>>>

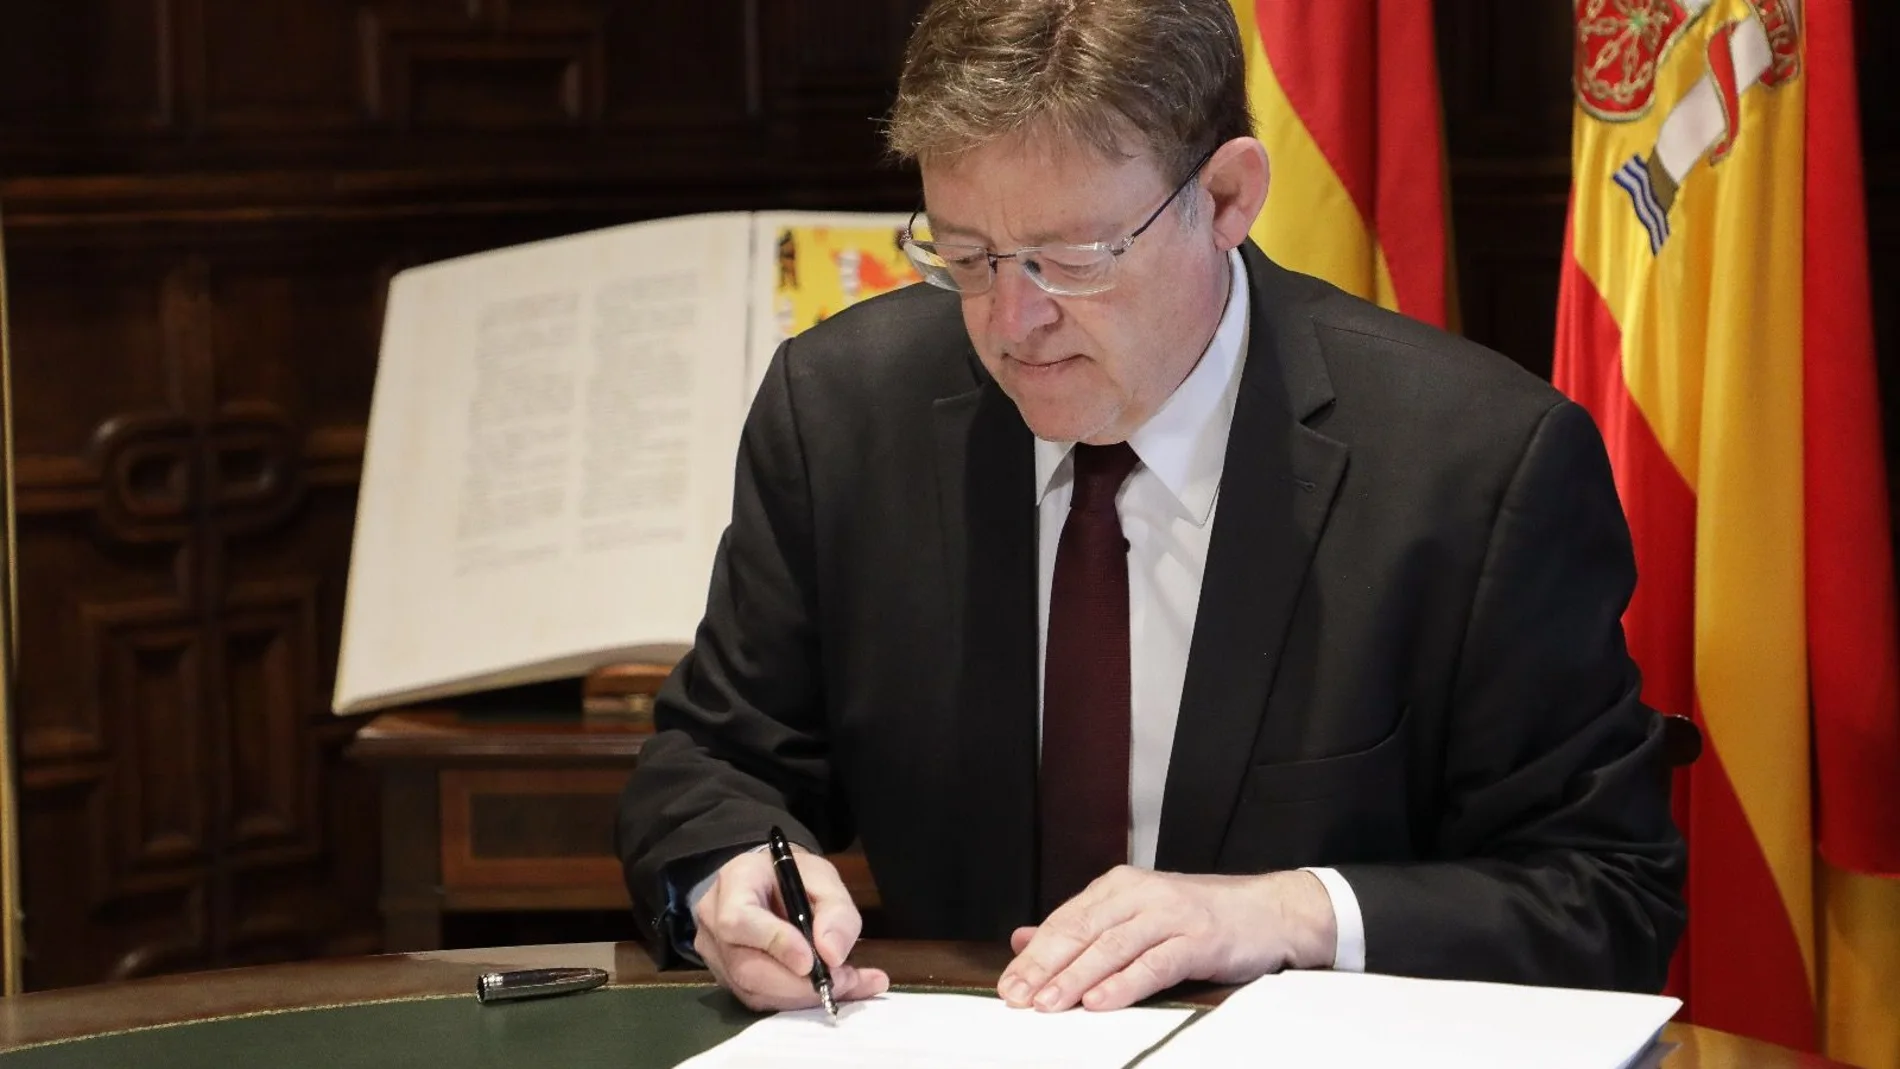 El presidente de la Generalitat ha firmado hoy el decreto que regulará la fase 3 en la Comunitat Valenciana
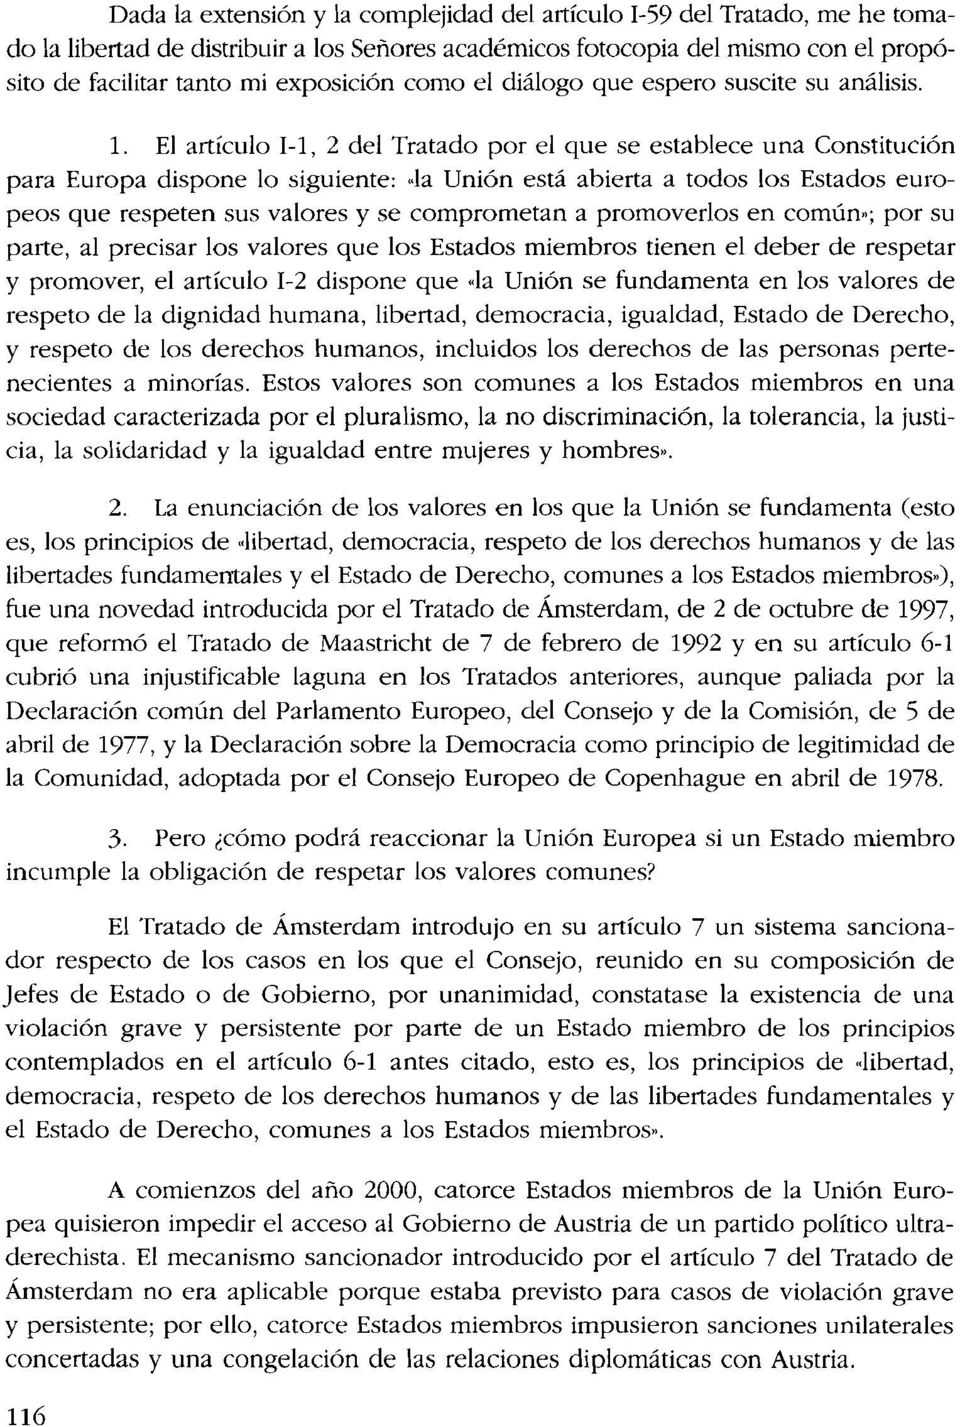 El artículo 1-1, 2 del Tratado por el que se establece una Constitución para Europa dispone lo siguiente: "la Unión está abierta a todos los Estados europeos que respeten sus valores y se comprometan
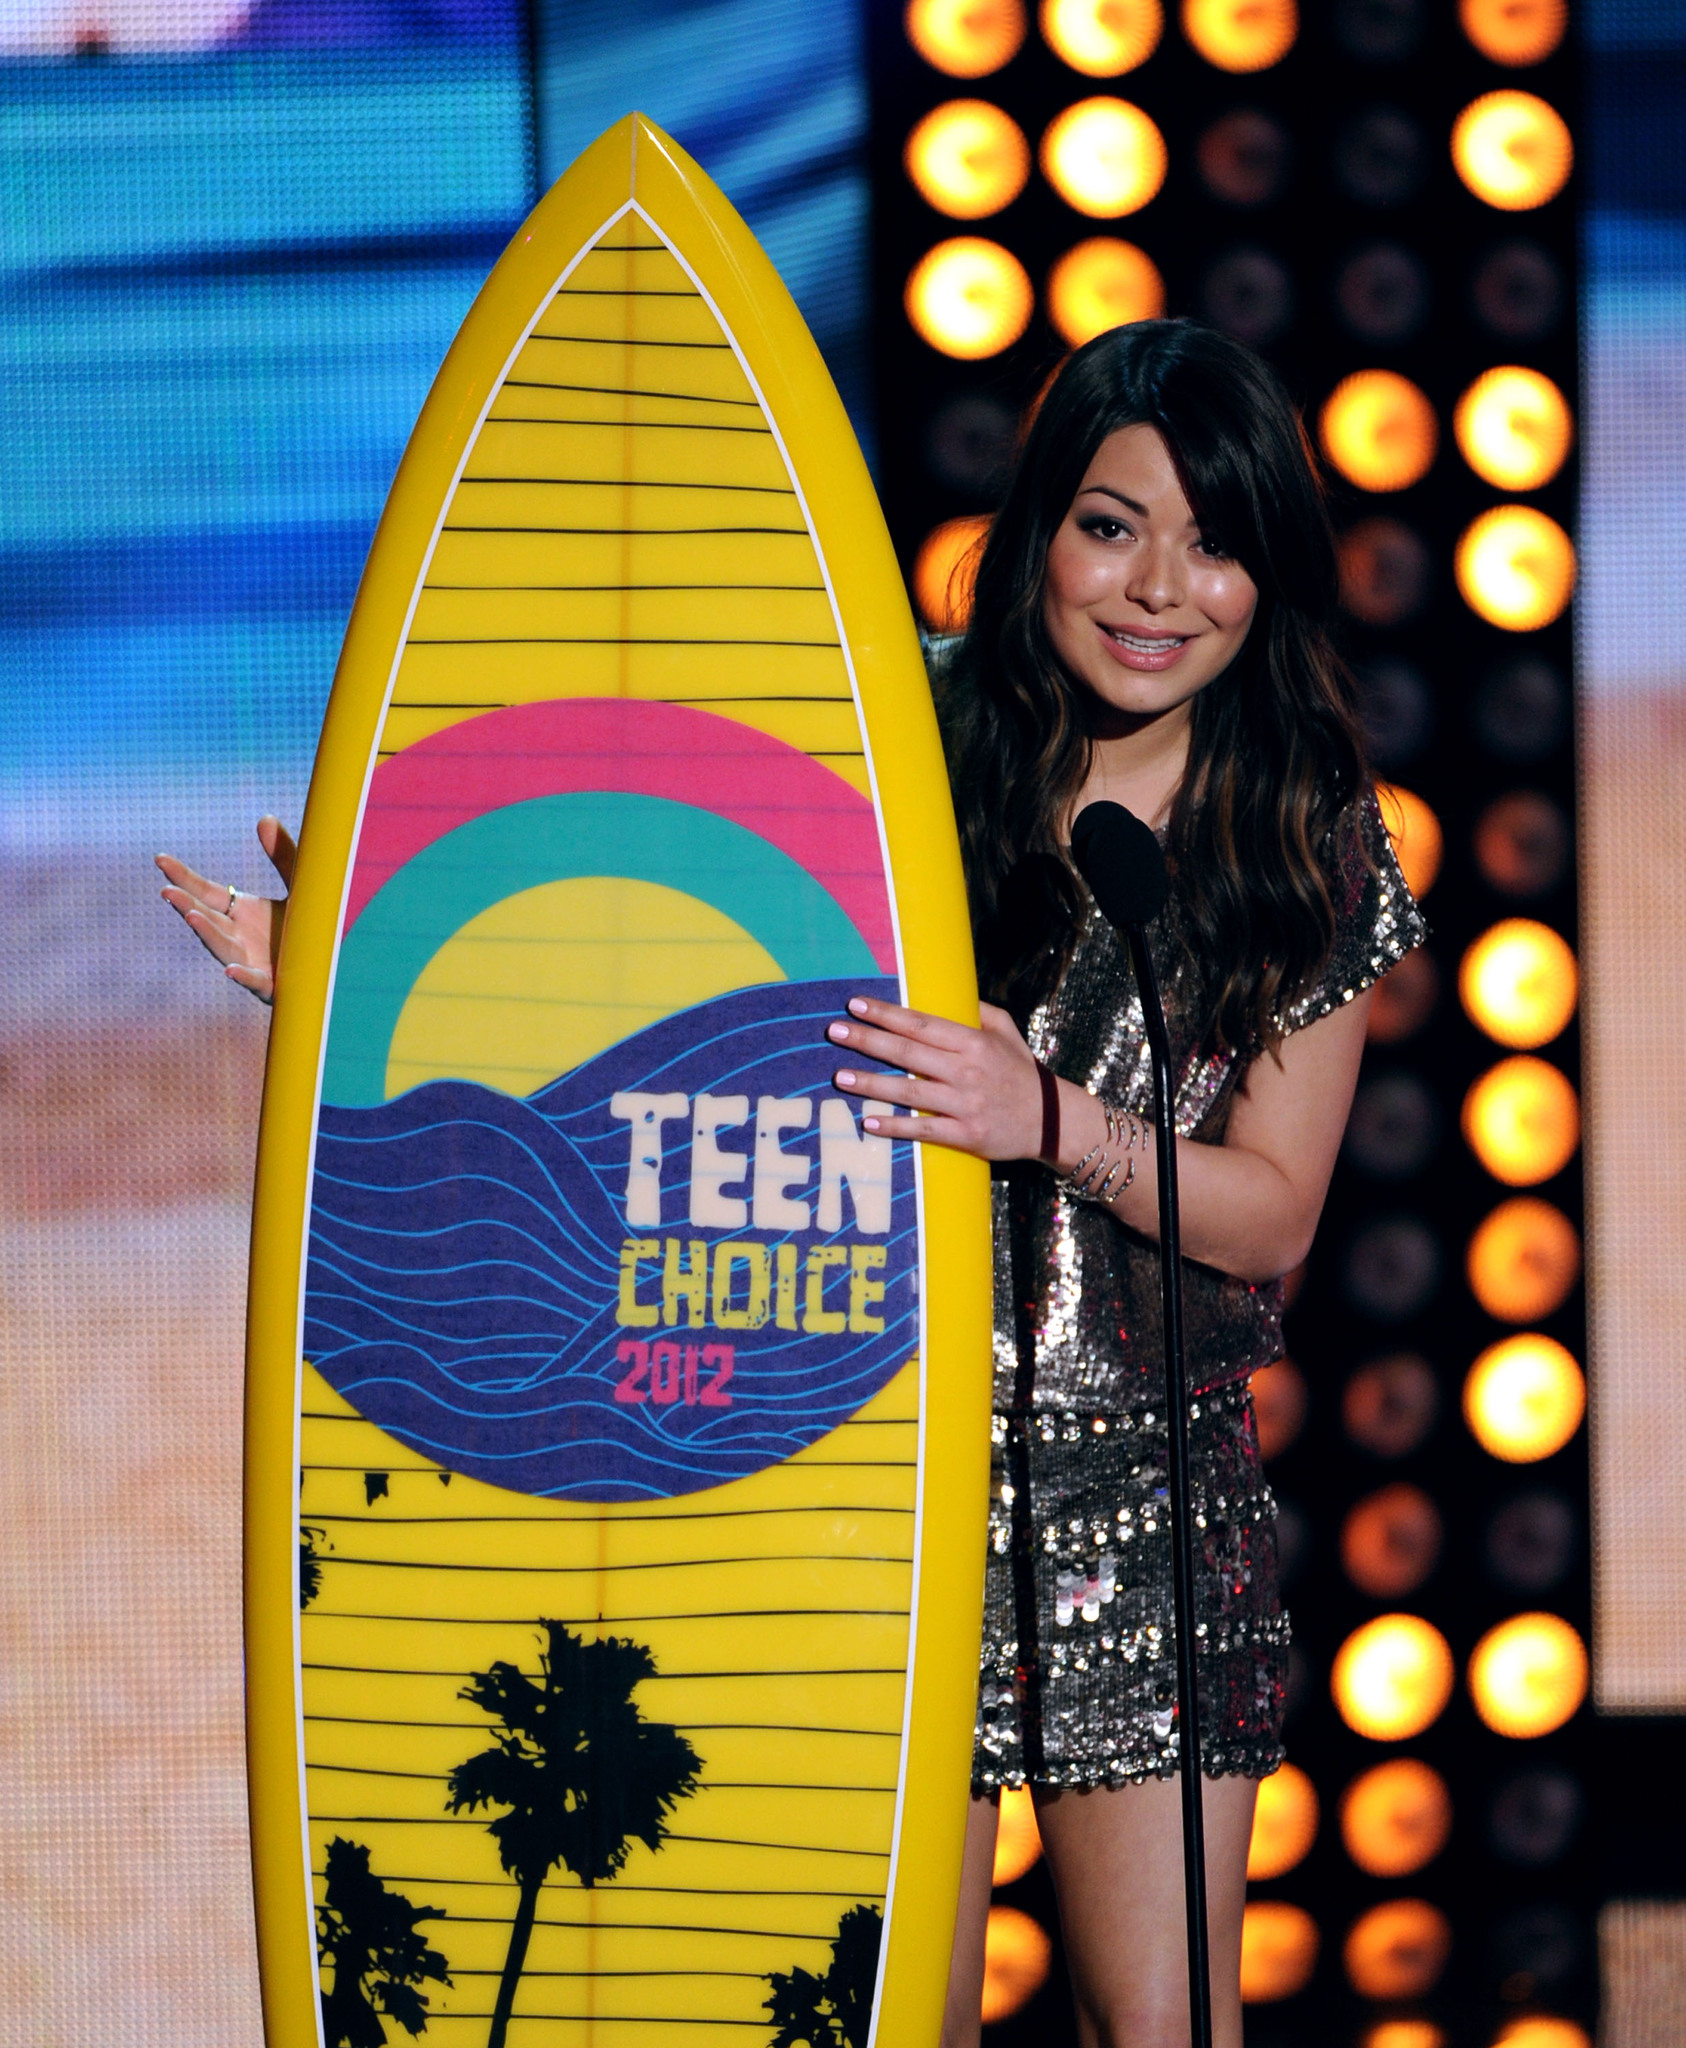 Miranda Cosgrove at event of Teen Choice Awards 2012 (2012)

<<<

- **What you have to do**
The expected answer consists solely of the lines from the one with "El artículo 1-1, 2" through the last line of the listing above, restated exactly, minus any pictures.

- **Exercise output**
 El artículo 1-1, 2 del Tratado por el que se establece una Constitución para Europa dispone lo siguiente: "la Unión está abierta a todos los Estados europeos que respeten sus valores y se comprometan
 Miranda Cosgrove at event of Teen Choice Awards 2012 (2012)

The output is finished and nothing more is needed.